The first part of the concert was devoted to recent works by the contemporary composers Pierre Boulez, Arthur Jarvinen and Chris Dench, with the entire second half given over to the mammoth Sonata No. 2 ("Concord") by Charles Ives. No, it wasn't exactly easy listening, yet the Ives piece, in particular, has never sounded so good. Nonken stressed the sonata's lyricism, continuity and organic structure. For once it held together as a coherent work of art instead of a scattershot glossary of yesterday's experimental techniques.

The Music Center at Strathmore, handsome, ambitious and brand-new in February, is also something of a puzzler. If you sit downstairs and listen to an orchestra, you will likely be convinced it is the best hall the capital area has ever known. The lower strings, in particular, seem to emanate from the walls, the floor, the air itself. But there are also some acoustical dead spots, especially on the side balconies, and chamber music sounds even more remote than it usually does in large auditoriums (the Music Center has almost 2,000 seats). Still, there can be little doubt that the advent of the hall makes our musical life more interesting, especially now that the Baltimore Symphony Orchestra is playing regularly within Metro distance, giving the NSO some solid competition.

BOMBS

If anybody ever doubted that classical music can be just as gaseous and silly as what the pop world serves up, a presentation at MCI Center titled "Carmina Burana Monumental Opera" in March should have settled the point. Carl Orff's primal choral work, with its fiercely reiterative, irresistibly catchy melodies, was subjected to a ponderous, pseudo-psychedelic staging that could have come right out of "This Is Spinal Tap." Thirty dancers (in what we were told were 300 different costumes) rocked and writhed around a 60-foot blob in the middle of the arena that looked now like the iceberg that wrecked the Titanic, now like the machine, complete with whirling cogs, that ate Charlie Chaplin in "Modern Times." According to the presenters, the evening offered 24 "magical images" telling "stories of life and death, of fortune and misfortune, becoming and fading under the continuously turning 'wheel of life.' " It was, like, heavy, man -- especially with the MCI amplification making it sound like "Carmina Burana" was being played through the world's largest cell phone.
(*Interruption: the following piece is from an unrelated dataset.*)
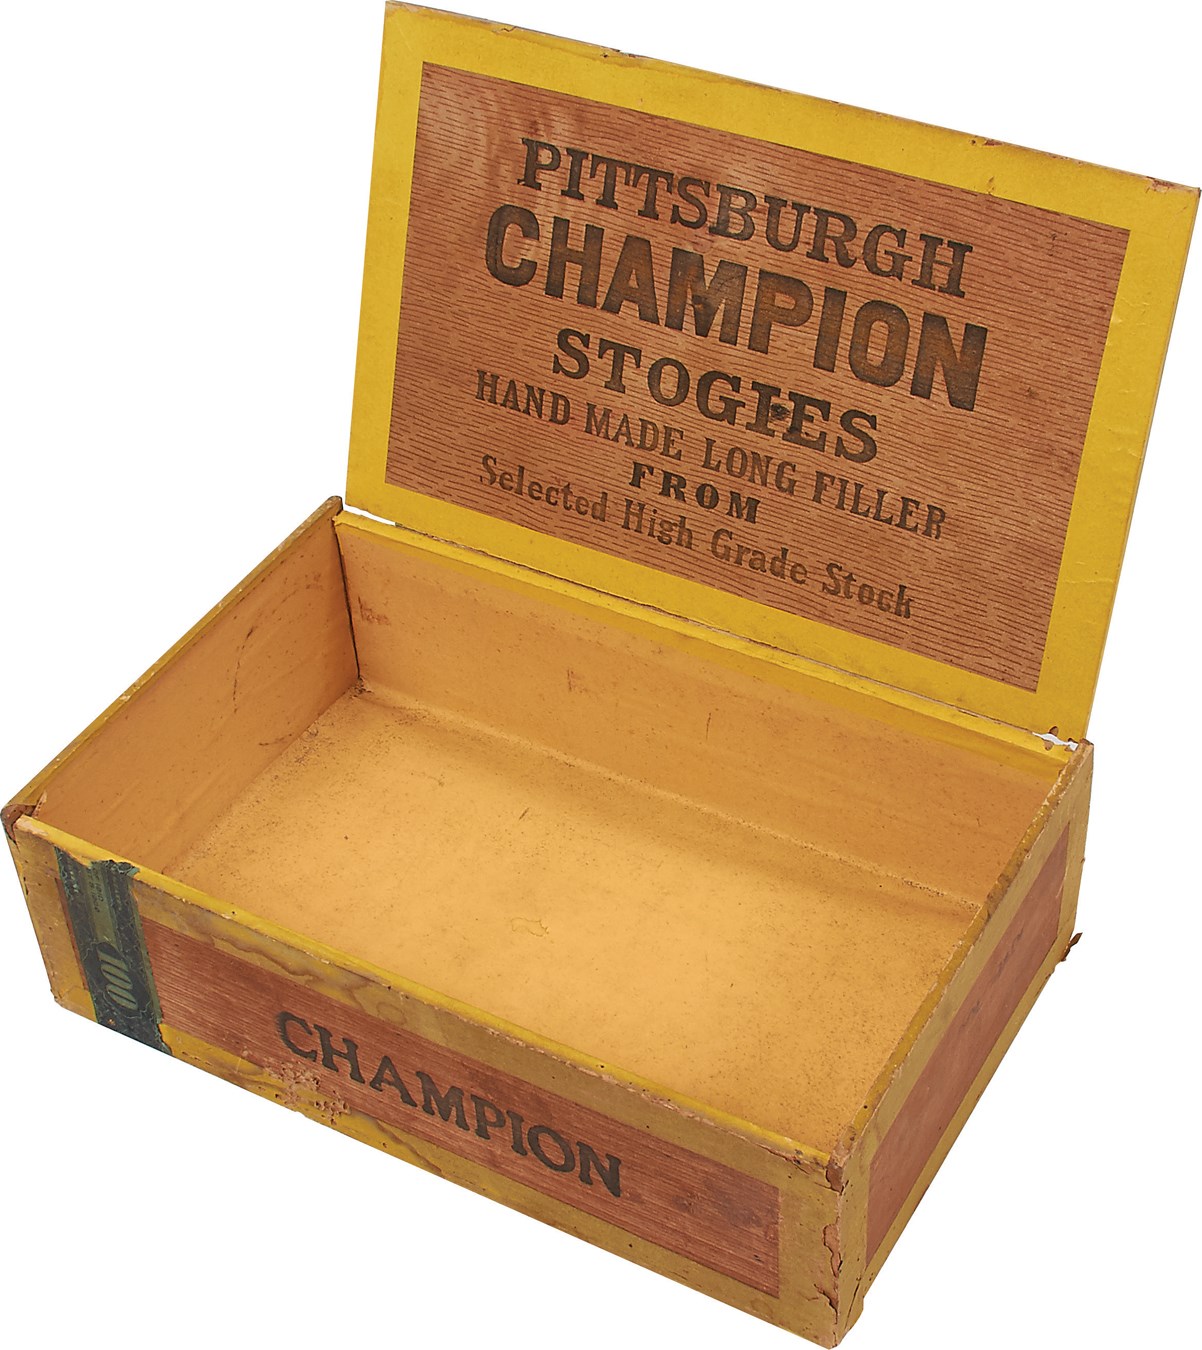 Early Baseball - 1909 World Champion Pittsburgh Pirates "Pittsburgh Champions Stogies" Cigar Box
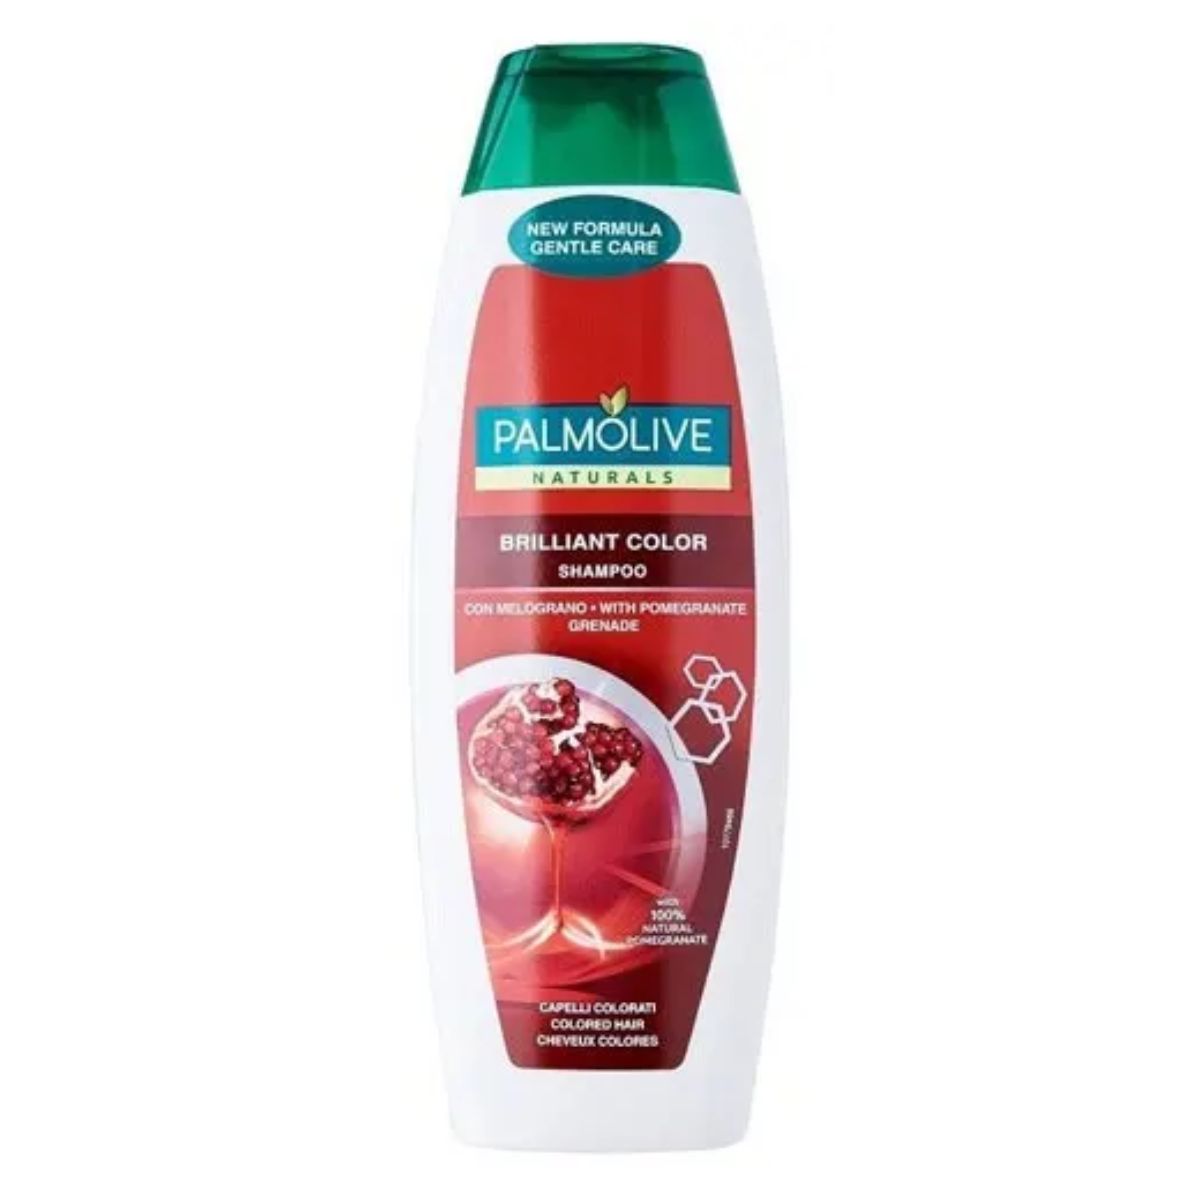 Palmolive Naturals Shampoo Brilliant Colour - 350ml.

The Kennedy Center's China Festival, with its multifarious representation of government-sanctioned art from the world's most populous nation, had its moments, but the local debut of the "all-female percussion ensemble" Red Poppy was not among them. Those China watchers who believe the country is rapidly being transformed from a communist nightmare into a capitalist one would have found considerable evidence to support their argument here. Performing in October, Red Poppy diluted what might have been a program of exuberant, high-energy drumming with a mixture of insipid Euro-pop New Age sonic mush, narrative inanities and a near-lethal dose of Las Vegas cheesiness. Surely there must be a better alternative to socialist realism than tawdry commercial trash.